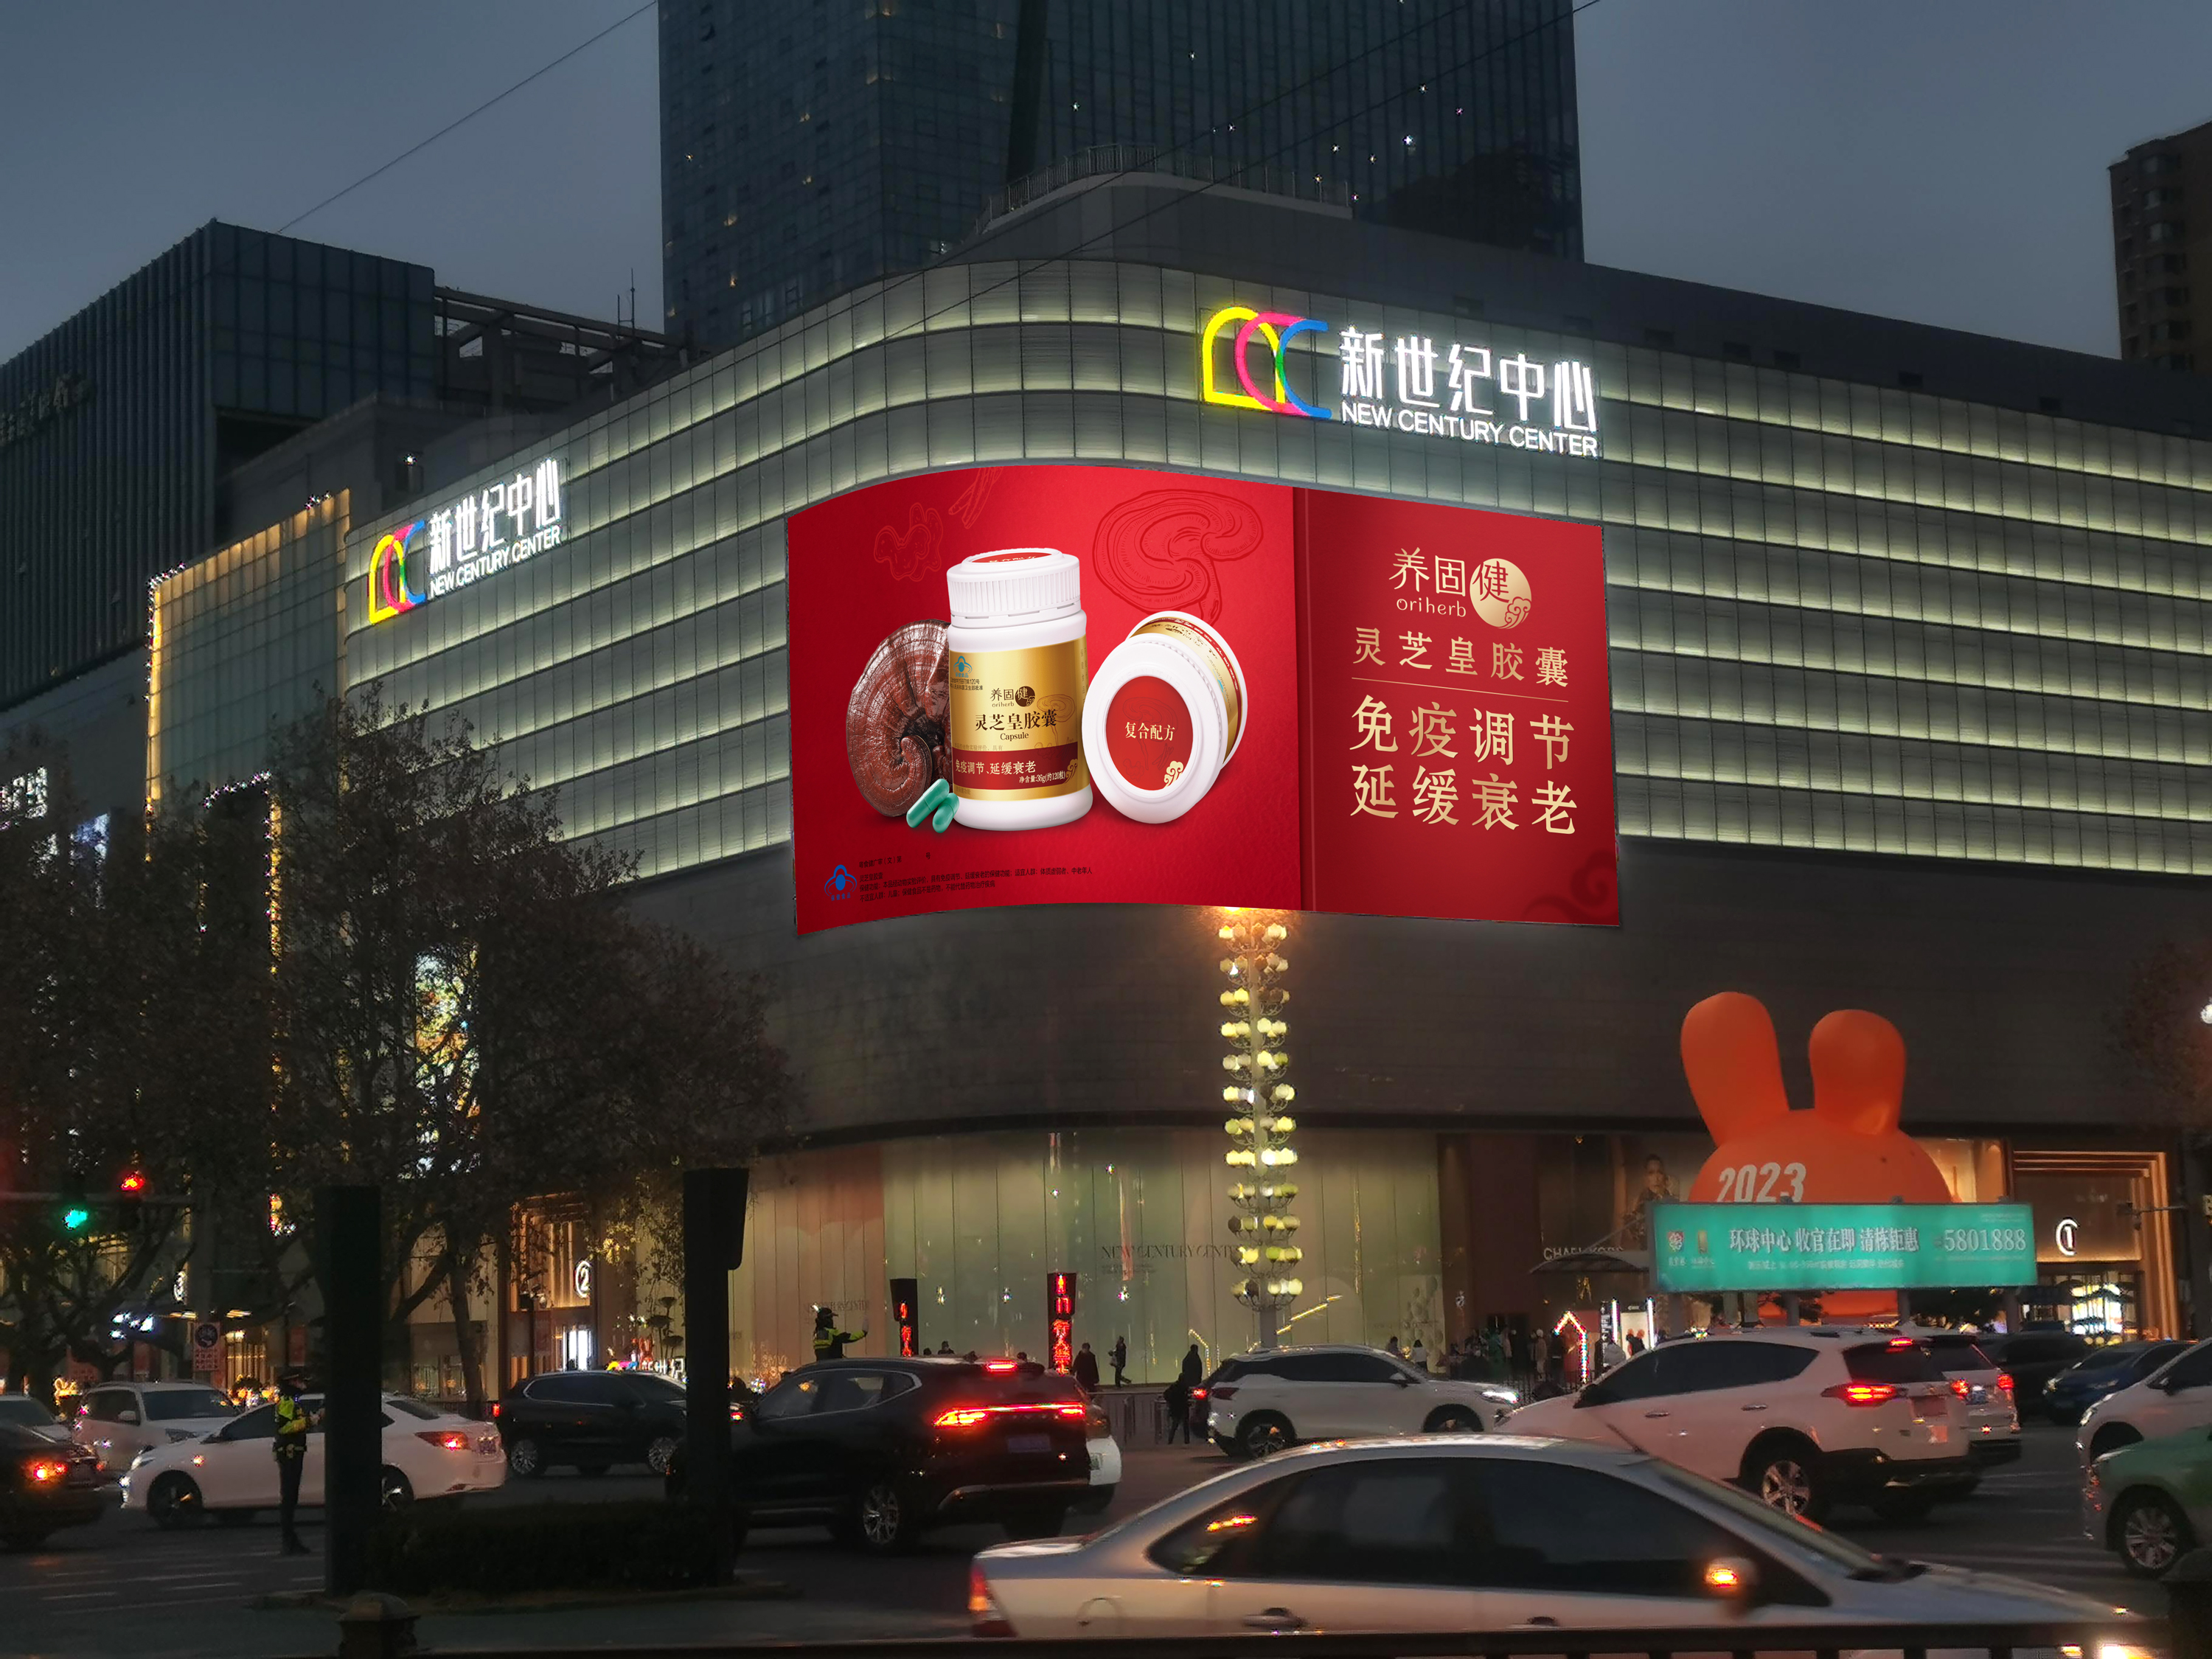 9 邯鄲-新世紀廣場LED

◇ ◇ ◇

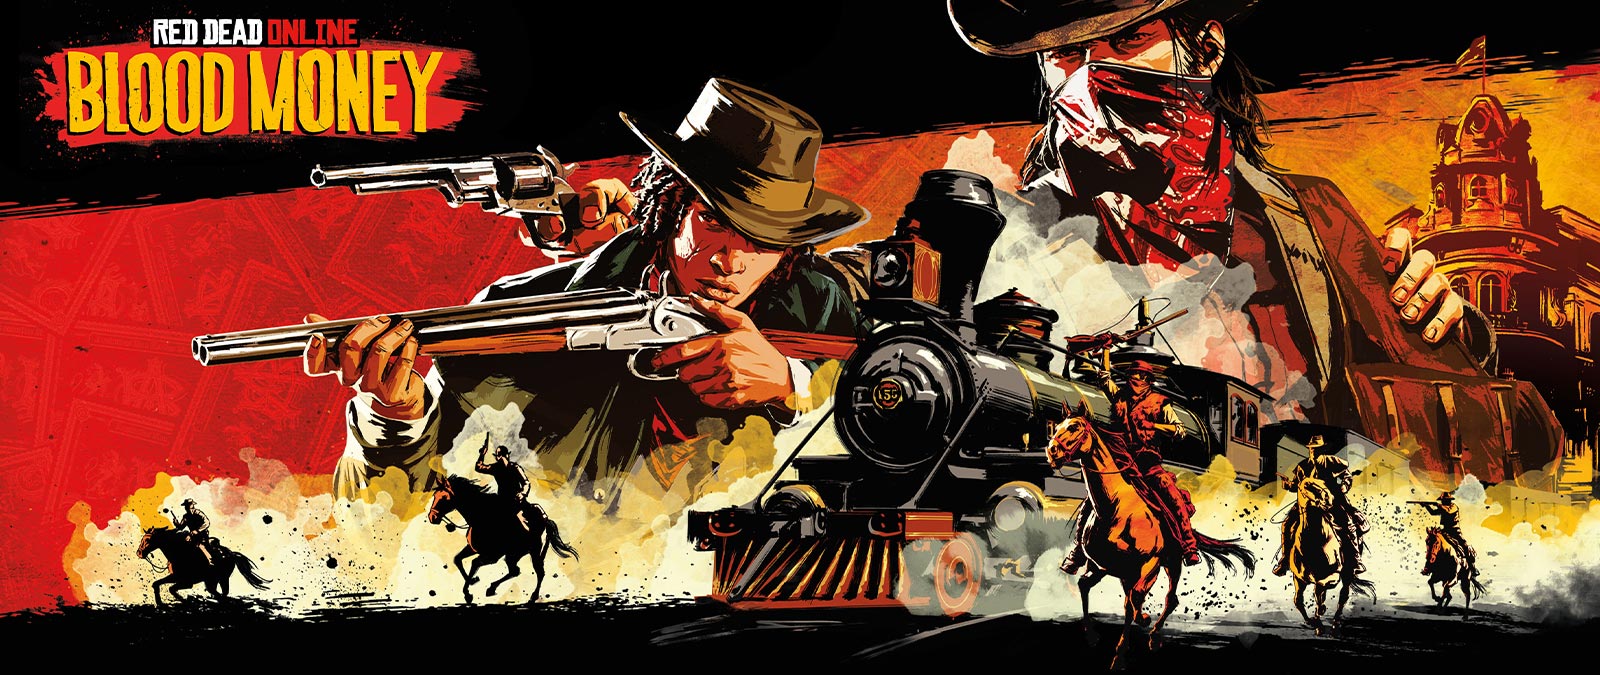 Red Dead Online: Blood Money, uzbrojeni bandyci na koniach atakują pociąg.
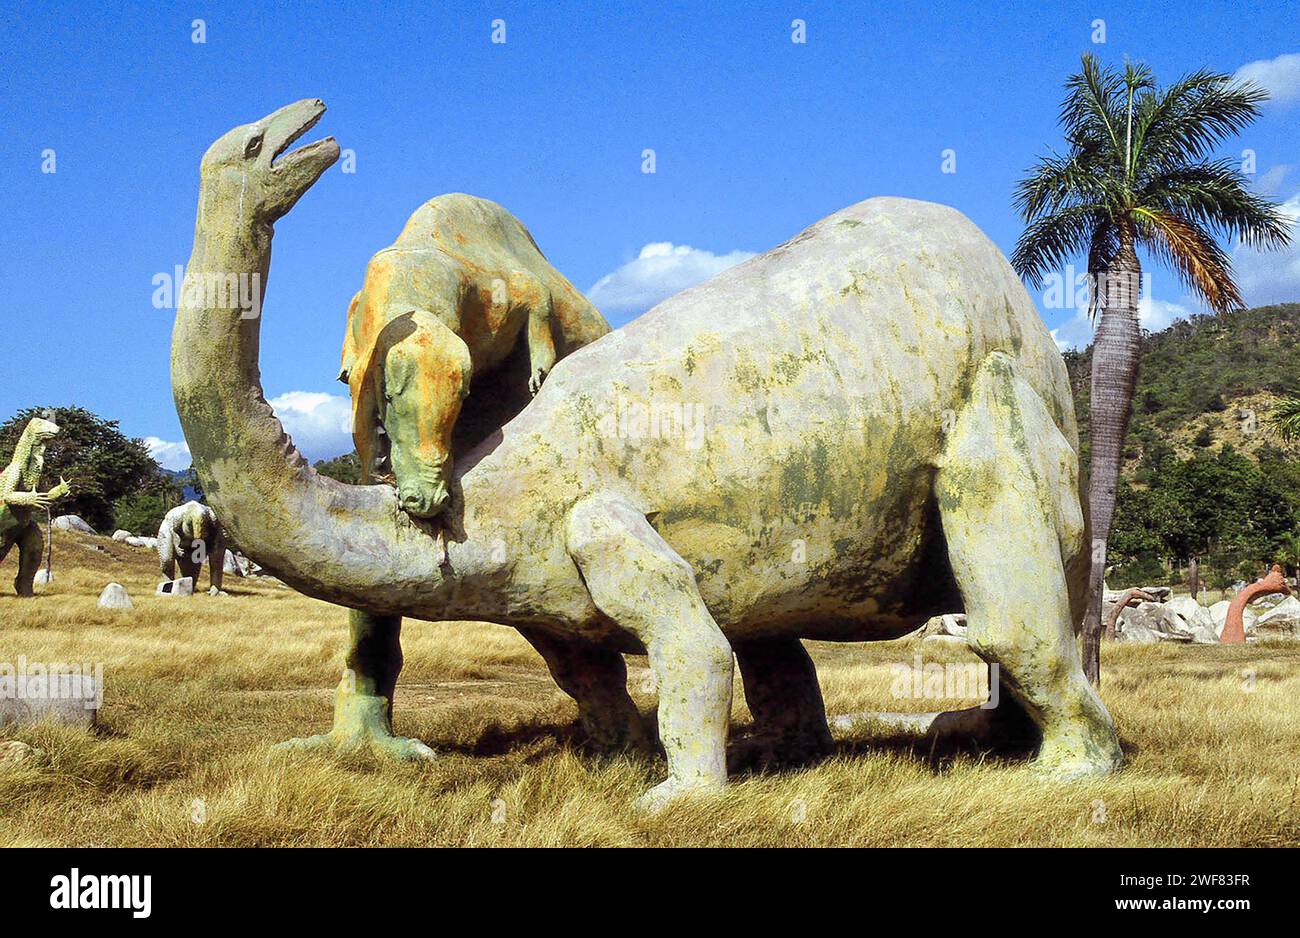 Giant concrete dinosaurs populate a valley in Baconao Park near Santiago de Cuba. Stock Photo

◇ ◇ ◇

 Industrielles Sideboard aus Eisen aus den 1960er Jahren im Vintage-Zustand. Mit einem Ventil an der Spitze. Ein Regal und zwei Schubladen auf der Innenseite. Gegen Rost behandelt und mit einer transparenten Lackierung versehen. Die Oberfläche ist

◇ ◇ ◇

■ **What is required**: Leave the pictures out. Output, exactly, the lines of the material above starting at the line containing "Red Dead Online: Blood" and ending at the line containing "Giant concrete dinosaurs".

■ **Task solution**:
 Red Dead Online: Blood Money, uzbrojeni bandyci na koniach atakują pociąg.
 Giant concrete dinosaurs populate a valley in Baconao Park near Santiago de Cuba. Stock Photo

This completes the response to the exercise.